African Americans have 5 times higher amputation rate

The overall amputation rate in northern Illinois is declining due to improved care for diabetes and peripheral vascular disease, new research shows.

But not everyone is reaping the benefits.

A new study from Northwestern University’s Feinberg School of Medicine has found people in African American communities on Chicago’s South and West Side have a five times higher rate of lower limb amputations than people in the predominantly white suburbs and exurbs.

“Amputations are the canary in the coal mine for quality of care,” said Joe Feinglass, lead author and research professor of medicine at the Feinberg School. “Many amputations are preventable. This means the primary care for minority people may not be very good. ”

Feinglass said the high rate of amputations means people are not being closely monitored. “They come in with gangrene or a skin ulcer that comes to the attention of a doctor really late and nothing can be done,” he said. “They have to take their leg off.”

This is the first longitudinal study — nationally or locally — to examine amputation trends over nearly 20 years. Most studies of amputation rates look at one point in time.

The study will be published in the May issue of the Journal of Vascular Surgery.

The high amputation rate for minorities in Chicago likely reflects other racial disparities in healthcare, Feinglass said. “Diabetes is a condition that is highly susceptible to quality of care. Amputation rates give you a basic idea of how the system is performing.”
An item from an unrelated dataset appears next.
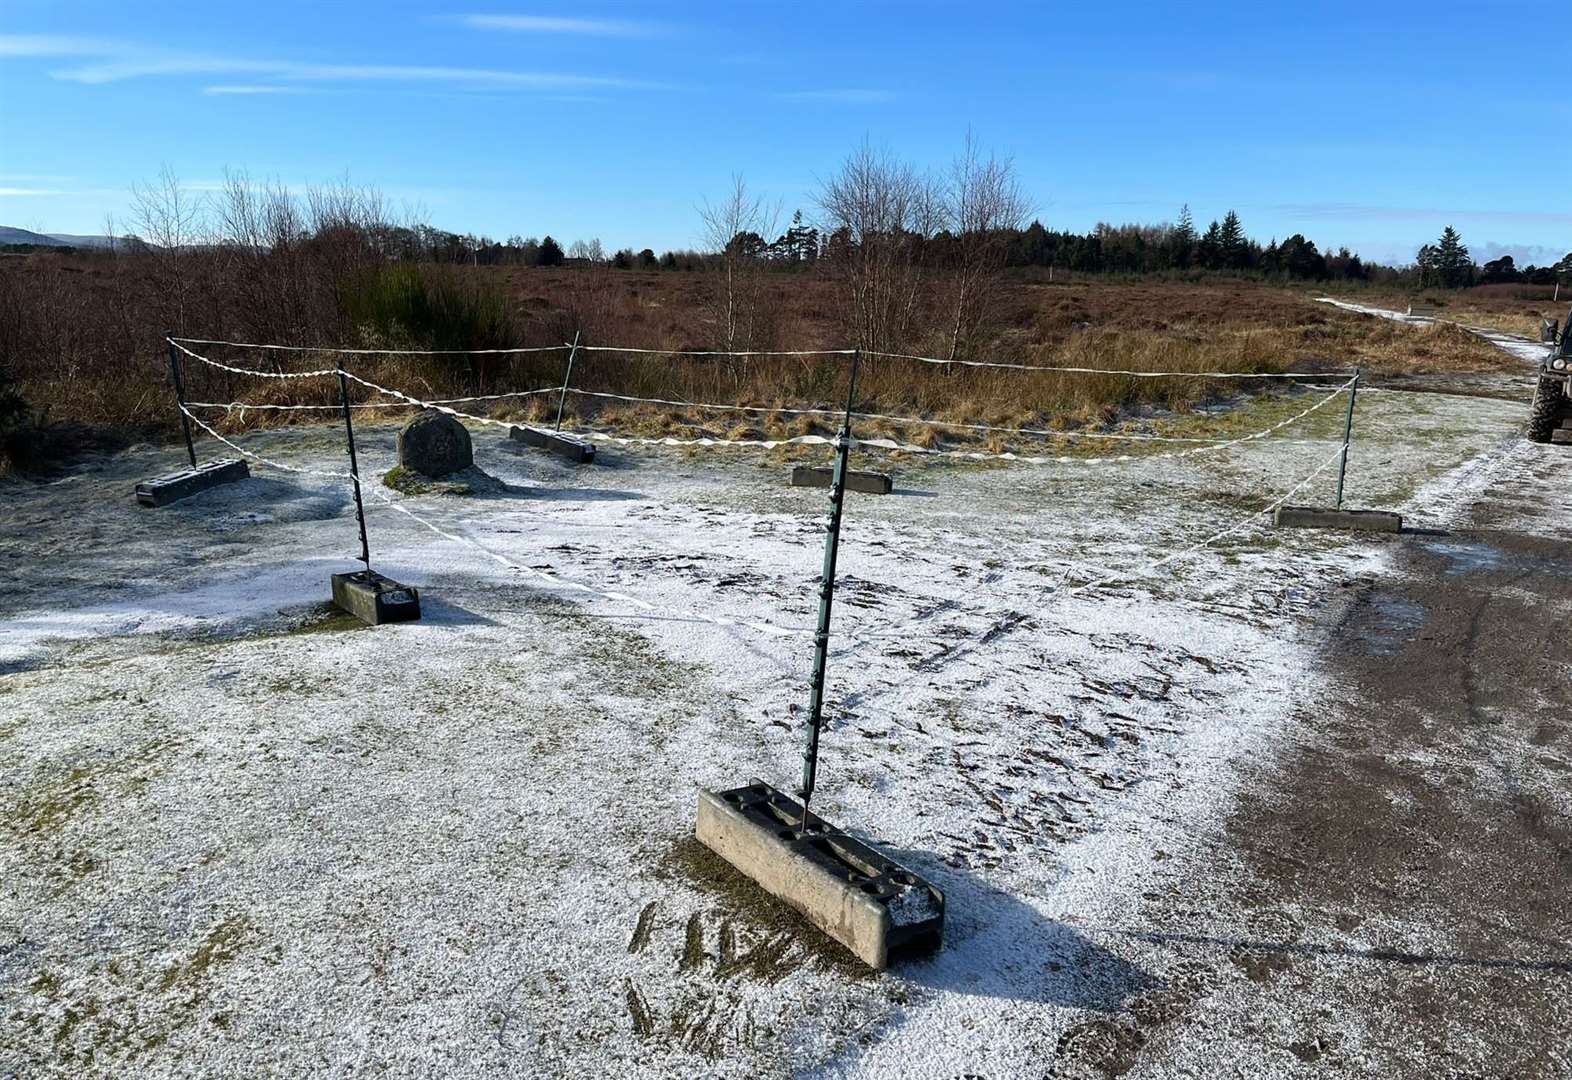 The Fraser Stone at Culloden Battlefield has been cordoned off after heavy volumes of visitors damaged the surrounding ground.

It was known in the late 1990’s that African Americans were more likely to have an amputation than whites. But as the national trend of amputations declined in the early 2000′s, Feinglass wanted to see if the gap closed or at least narrowed.

The study examined hospital discharge data from the Illinois Department of Public Health for nine counties in northern Illinois encompassing more than eight million people. Feinglass then broke the statistics into three rings of the metropolitan area based on their zip codes.

He found that amputations in the suburban and exurban areas with a primarily white population dropped to 12 per 100,000 in 2004 from 14 in 1987. The largely African American area on the South and West Side actually increased to 63 amputations from 60. The inner suburbs and other areas of Chicago, with between 10 and 50 percent African American population and a large Hispanic population, held fairly steady at 20 amputations per 100,000.

About half of the people who have amputations are diabetic patients with decreased circulation to the feet. Almost all who have amputations are smokers, a habit that can cause hardening of the arteries and clots in the legs.

“These people get sores on their feet that don’t heal,” Feinglass said. “They develop an ulcer that can often turn into something worse if it’s not treated right away.”

The high amputation rate is linked to lack of access to primary care and specialty care for diabetic patients and patients with vascular disease. In addition, patients without diabetes may not get a screening for peripheral arterial disease, an inexpensive test to indicate risk factors for circulation problems.

To address these problems, Feinglass said communities need diabetes management programs with nurses to help people control their blood sugar.

“Those are the kinds of programs we know would pay off in the inner city. When blood sugar is lower, there is a lower amputation rate,” Feinglass said. Vascular surgeons and podiatrists are also needed in these areas.

“An amputation is a horrible thing to have anybody go through,” Feinglass said. “We have to do better at preventing these.”

http://www.northwestern.edu


April 28, 2008

2 Responses to African Americans have 5 times higher amputation rate

  1. The_Urban_Scientist April 29, 2008 at 7:15 am #

    yeah, those are important variables, too. But the information is interesting. Hopefully it will call attention to the necessity to get proper care in a timely and consistent manner among diabetes patients. If it is a matter of access to care, this article can also spark the conversation for that, too. Knowing many people with diabetes, I’m sharing this article with them and I hope it inspires them to take care of themselves/loved ones better.

    The Urban Scientist
    http://www.SciEdSociety.blogspot.com

  2. Anonymous April 28, 2008 at 3:01 pm #

    I notice that these are raw ‘per head of population’ figures. Could I assume therefore that factors such as a higher susceptibility to diabetes within the african-american population and differing levels of smoking between groups have not been accounted for?

    There are so many risk factors involved in amputation that it would be almost impossible to control for them all if you were grouping subjects by race and questioning them at the time, let alone by zip code retrospectively.

    I’m sure that the paper is rigorous as it’s been accepted by a major journal, although I think a little too much may be being drawn from it here.